355 500 произведений, 25 200 авторов.

Электронная библиотека книг » Николай Бирюков » Чайка » Текст книги (страница 16)
Чайка
  • Текст добавлен: 15 октября 2016, 05:52

Текст книги "Чайка"


Автор книги: Николай Бирюков



сообщить о нарушении

Текущая страница: 16 (всего у книги 28 страниц)

Глава пятнадцатая

Первое, что услышал Федя, были звуки, похожие на отдаленные раскаты грома.

«Где я?»

Переход от темноты к свету был так резок, что глаза, заслезившись, тотчас же закрылись. Чьи-то руки поправляли под его головой подушки, слышались радостные голоса:

– Видела? Открывал глаза!

– Открывал… Глядишь, скоро к чувствию вернется… Он с трудом приподнял веки и увидел, что лежит на высокой кровати в незнакомой полутемной комнате; в раскрытую дверь была видна другая комната, и в ней на полу и подоконниках лежали полосы солнечного света.

У постели стояли две пожилые женщины и девушка. Федя внимательно вглядывался в их лица: ни одну из них он не знал.

Девушка погладила его волосы.

– Дорогой ты! Уж как мы боялись: думали, так и не придешь в себя. – Глаза ее смотрели с лаской и нежностью. Она поцеловала его в лоб и, застыдившись, вспыхнула и смущенно проговорила:-Меня зовут Наташей. А тебя?

Федя не ответил.

Взгляд его заскользил по комнате, подолгу задерживаясь на каждом предмете. Восприятие всего окружающего было схожим с восприятием ребенка при первых проблесках зарождающегося сознания. Но такой ребенок с изумлением озирает открывающийся ему мир, в котором все незнакомо и непонятно, а у Феди было холодное недоумение, и все предметы, которые он видел, не представляли для него первобытной новизны. В глубине сознания оставалось ощущение чего-то знакомого, понималось: все эти предметы так и должны быть здесь, – но память молчала, не могла подсказать ни их назначения, ни смысла. И чем напряженнее он припоминал, тем больше все путалось в голове, утрачивая ощущение чего-то знакомого и делаясь непонятным, как впервые видимое. Больше всего был непонятен себе он сам. Кто он, как сюда попал и зачем?

– Господи, что там делается, что делается! – взволнованно прошептала пожилая женщина. Федя повернул к ней голову. По его взгляду она поняла: спрашивает, что сказала. – Стреляют, милый… Слышишь? С самого утра… Говорят, нашлась какая-то гадина – выдала.

От слов женщины на Федю тоже повеяло чем-то знакомым, но смысл сказанного ускользнул от него. Он отвернулся и стал смотреть на окно, закрытое синей шторой. Смотрел долго. В глазах сначала мелькнуло удивление, потом радость. Он вытянул руку и по складам проговорил:

– Што-ра… Женщины забеспокоились.

– Нельзя, милый, – сказала пожилая. – Не дай бог, недобрый глаз приметит с улицы.

Федя был уверен, что правильно назвал этот темный предмет.

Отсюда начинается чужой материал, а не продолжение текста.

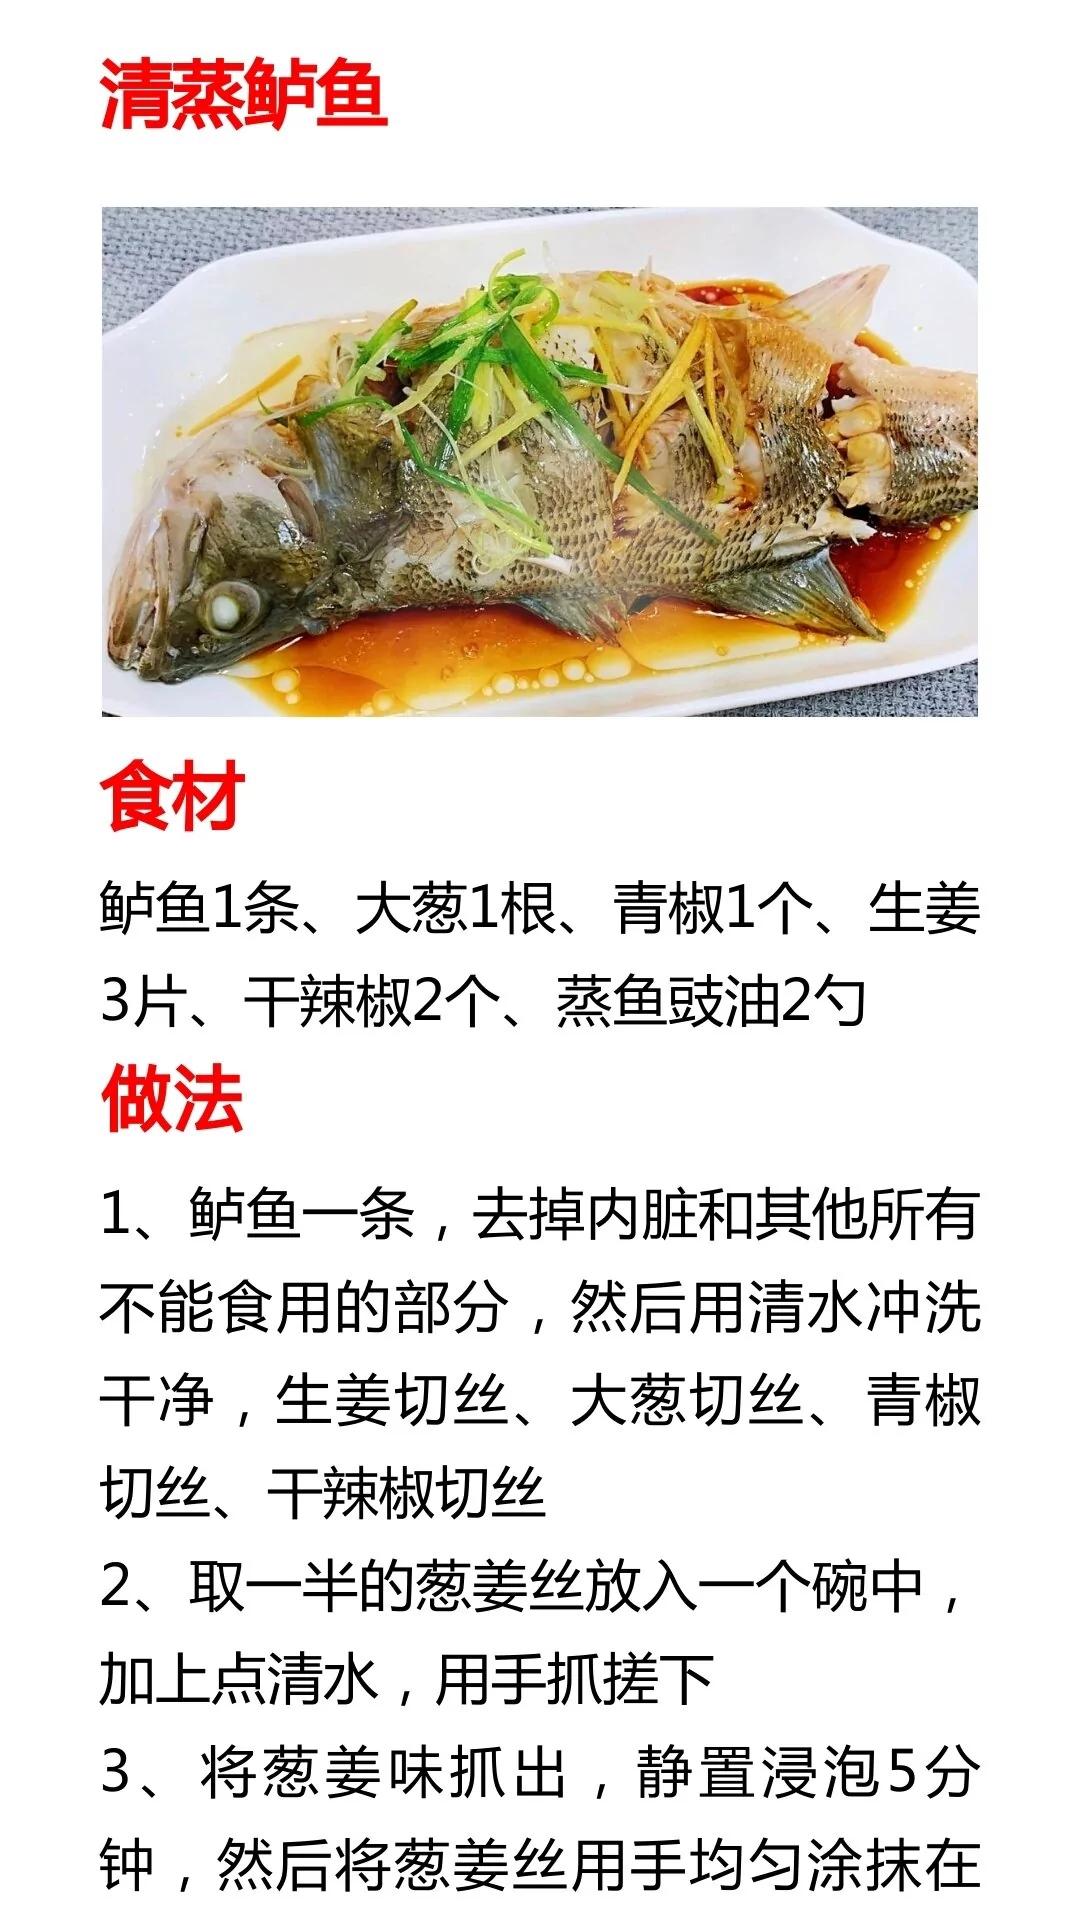 家常鱼肉菜单做法大全!鱼的做法教程 美食做法 第10张

Вытянув опять руку, он раздраженно крикнул:

– Што-ра!

Наташа приподняла угол шторы, и на комод косо легли бледные солнечные лучи. На нем что-то вспыхнуло, точно кусок серебра заиграл, и тут же к потолку прилепился светлый овальный кружок.

Сцепив зубы, Федя с трудом приподнялся на локтях. На комоде лежал сверкающий предмет – это из него смотрело на потолок крохотное солнце, во все стороны брызнув лучами. Федя не мог вспомнить, как называется этот предмет, но зато вспомнилось другое: в нем он может увидеть себя.

Он требовательно протянул руку. Наташа подала зеркальце. Руки у Феди были багрово-синие, исполосованные шрамами, ни на одном пальце не было ногтей, но он не обратил на это внимания. Прильнув лицом почти вплотную к зеркалу, пытливо разглядывал свое отражение. Седые волосы, сурово сжатые губы, холодные глаза и какая-то спокойная, каменная неподвижность во всем лице… В памяти ожило что-то очень близко знакомое – ближе, чем все эти окружающие предметы, чем речь женщин: темно-русые волосы, непослушно спадающие на лоб, веселые карие глаза… И вот такой же, как в зеркале, открытый ровный лоб.

«Федор Голубев», – мелькнуло в голове. Открытие не взволновало, а удивило: он, седой человек, неизвестно, как и зачем попавший в этот мир незнакомых вещей, знает какого-то Федора Голубева.

И Наташа и женщины услышали, как Федя что-то невнятно прошептал.

Зеркало выскользнуло из его рук на одеяло. Он блуждал взглядом по комнате. Наташа наклонилась, и глаза их встретились.

– Где Катя?

Она вздрогнула.

– У тебя есть жена?..

Федя смотрел на нее все так же недоумевающе. Он хотел спросить: кто он, почему знает Голубева Федора и Катю? Но слов для этих вопросов не нашлось.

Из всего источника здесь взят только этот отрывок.